— DATA EXTRACT —
____________

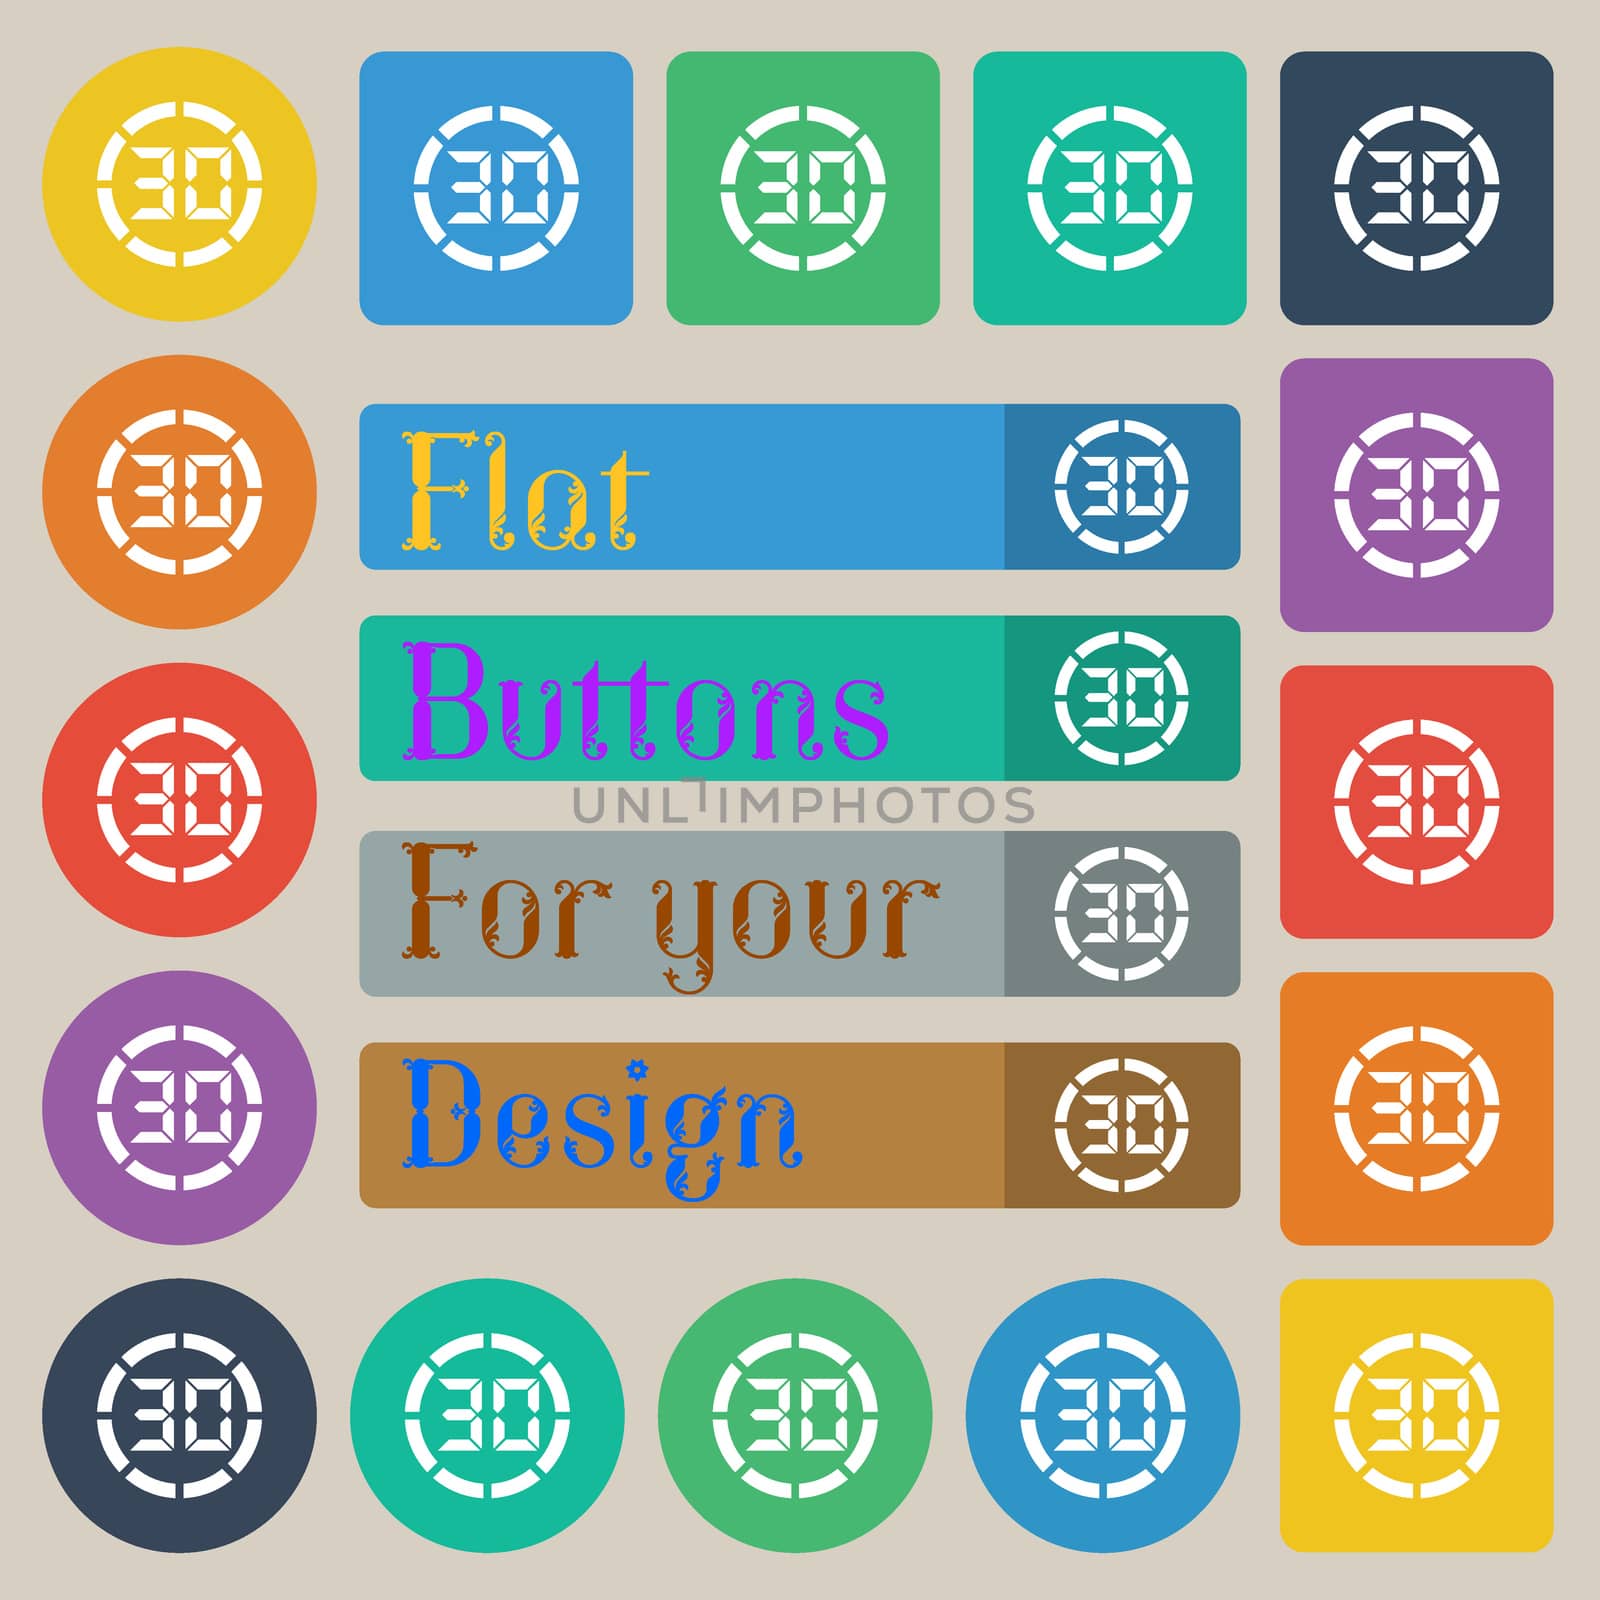 30 second stopwatch icon sign. Set of twenty colored flat, round, square and rectangular buttons. illustration
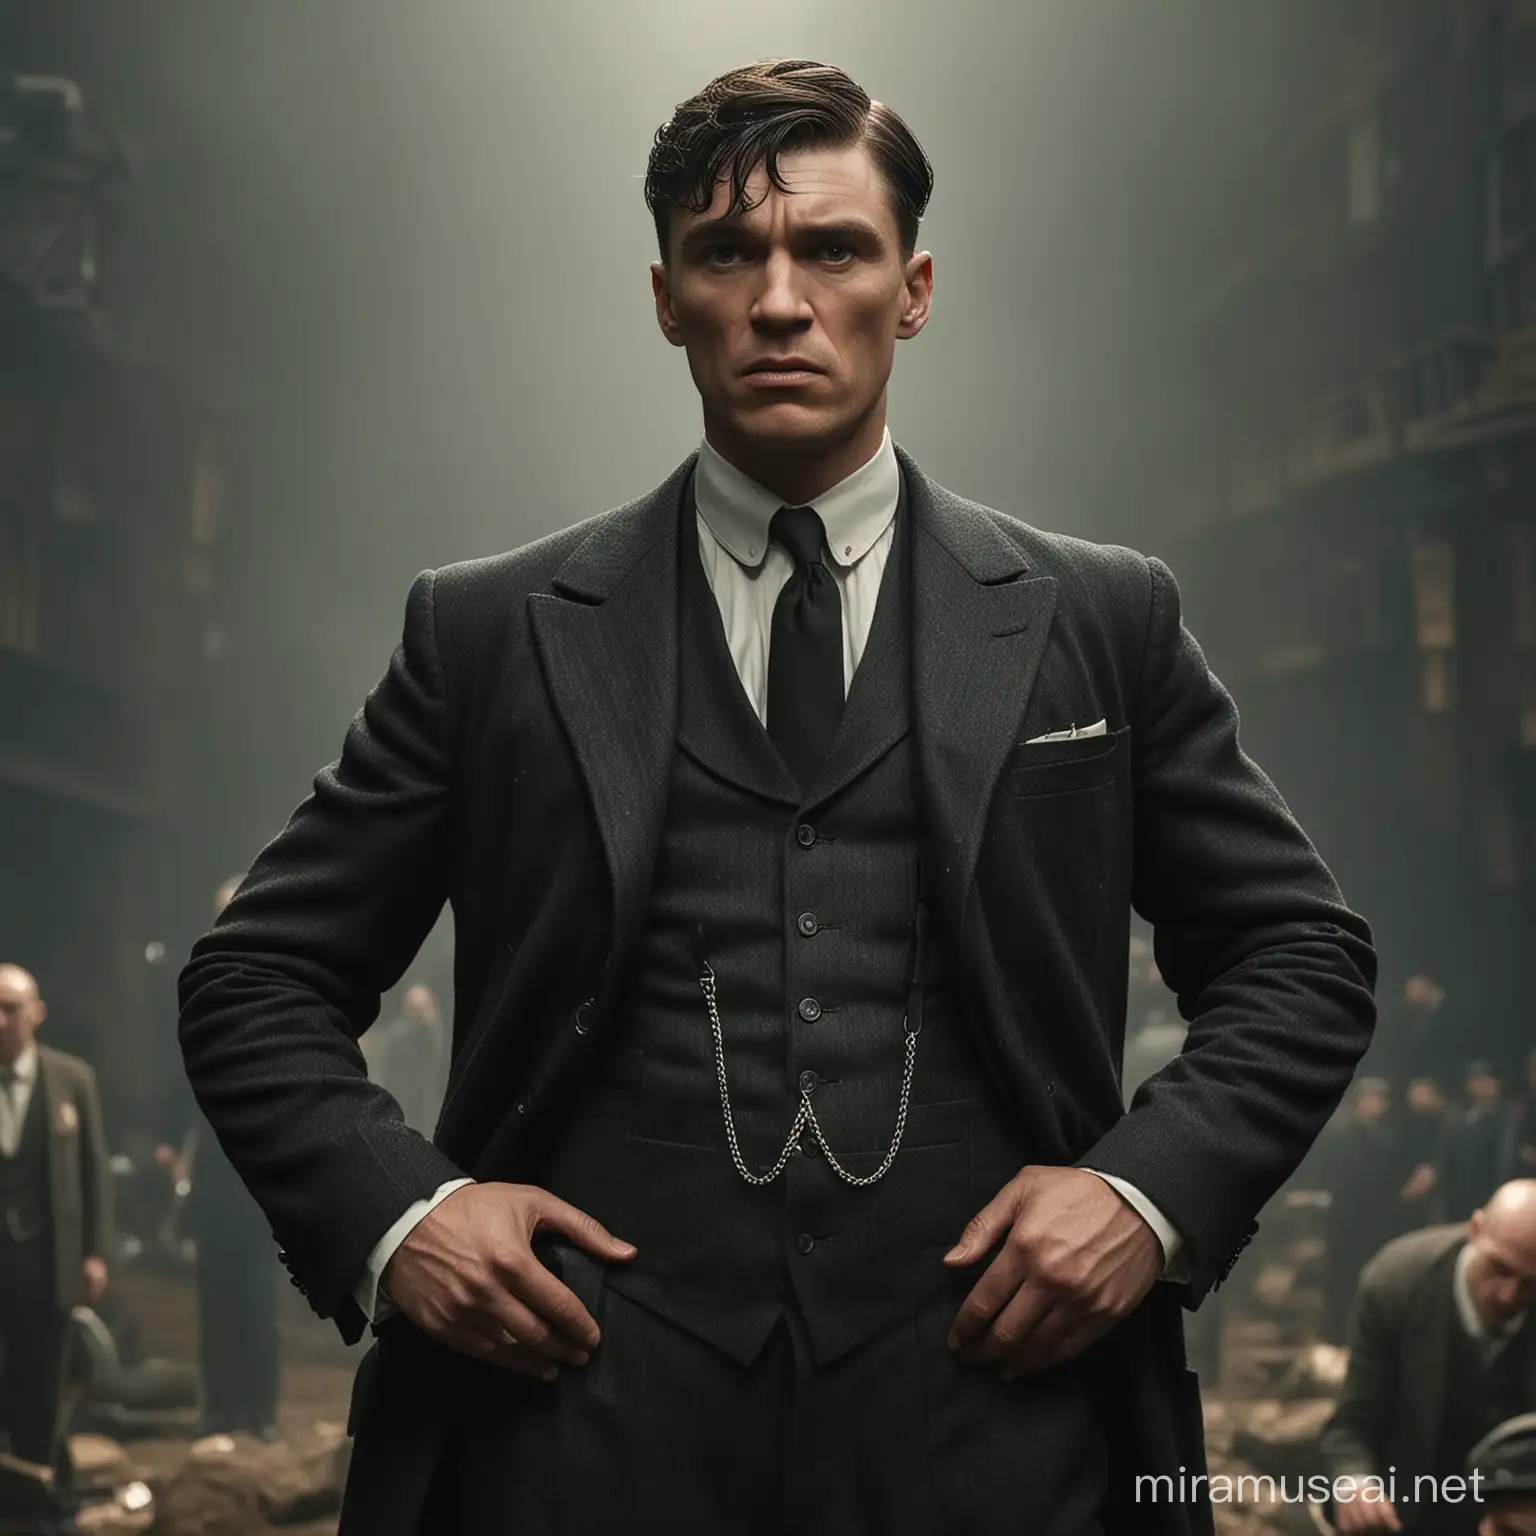 generate Thomas shelby (actor)  from peakt blinders, who is standing  in dominante He has his hands on his hips pose and dont care what others thinking about on him, make good face expression and do so realistic.
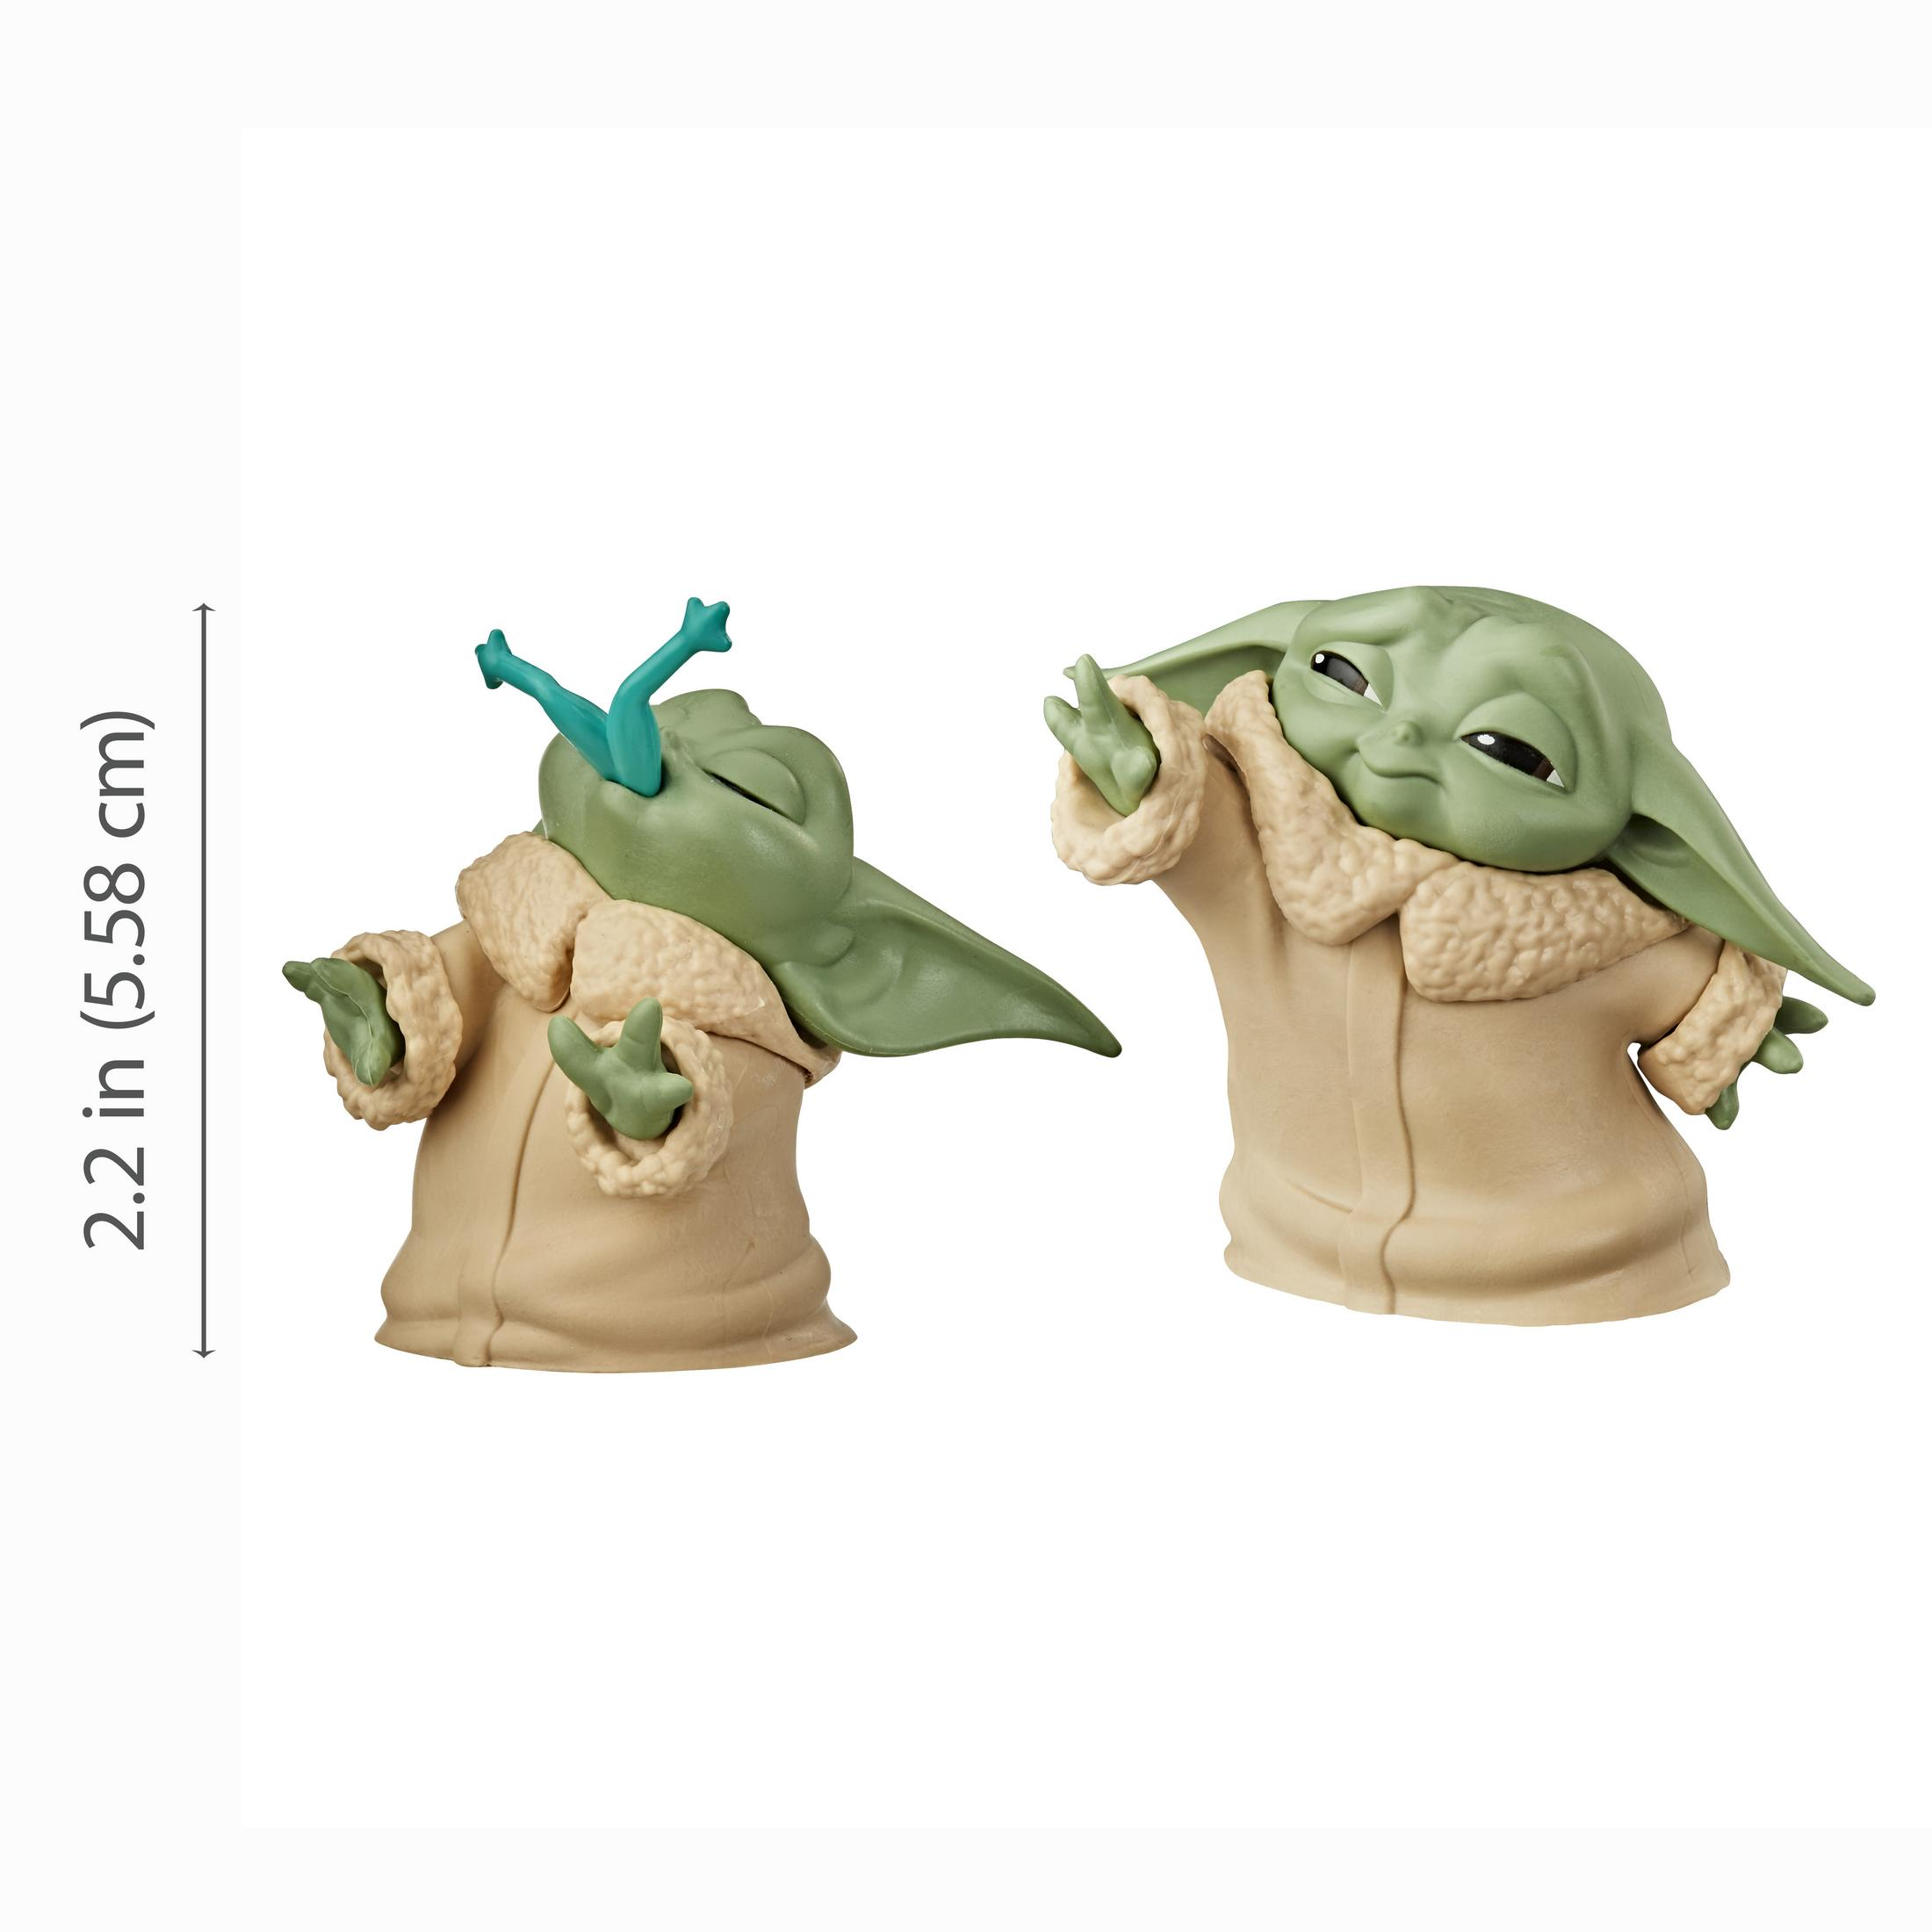 Yoda, Actionfigur (Froggy The Snack) Wars HASBRO Child Baby Mandalorian Figur: Snack The Froschiger Star

____________

— TASK REQUIREMENTS —
Every picture stays out; reproduce exactly the lines from the one with "generate Thomas shelby" through the last line of the data above.

— RESPONSE —
 generate Thomas shelby (actor)  from peakt blinders, who is standing  in dominante He has his hands on his hips pose and dont care what others thinking about on him, make good face expression and do so realistic.
 Yoda, Actionfigur (Froggy The Snack) Wars HASBRO Child Baby Mandalorian Figur: Snack The Froschiger Star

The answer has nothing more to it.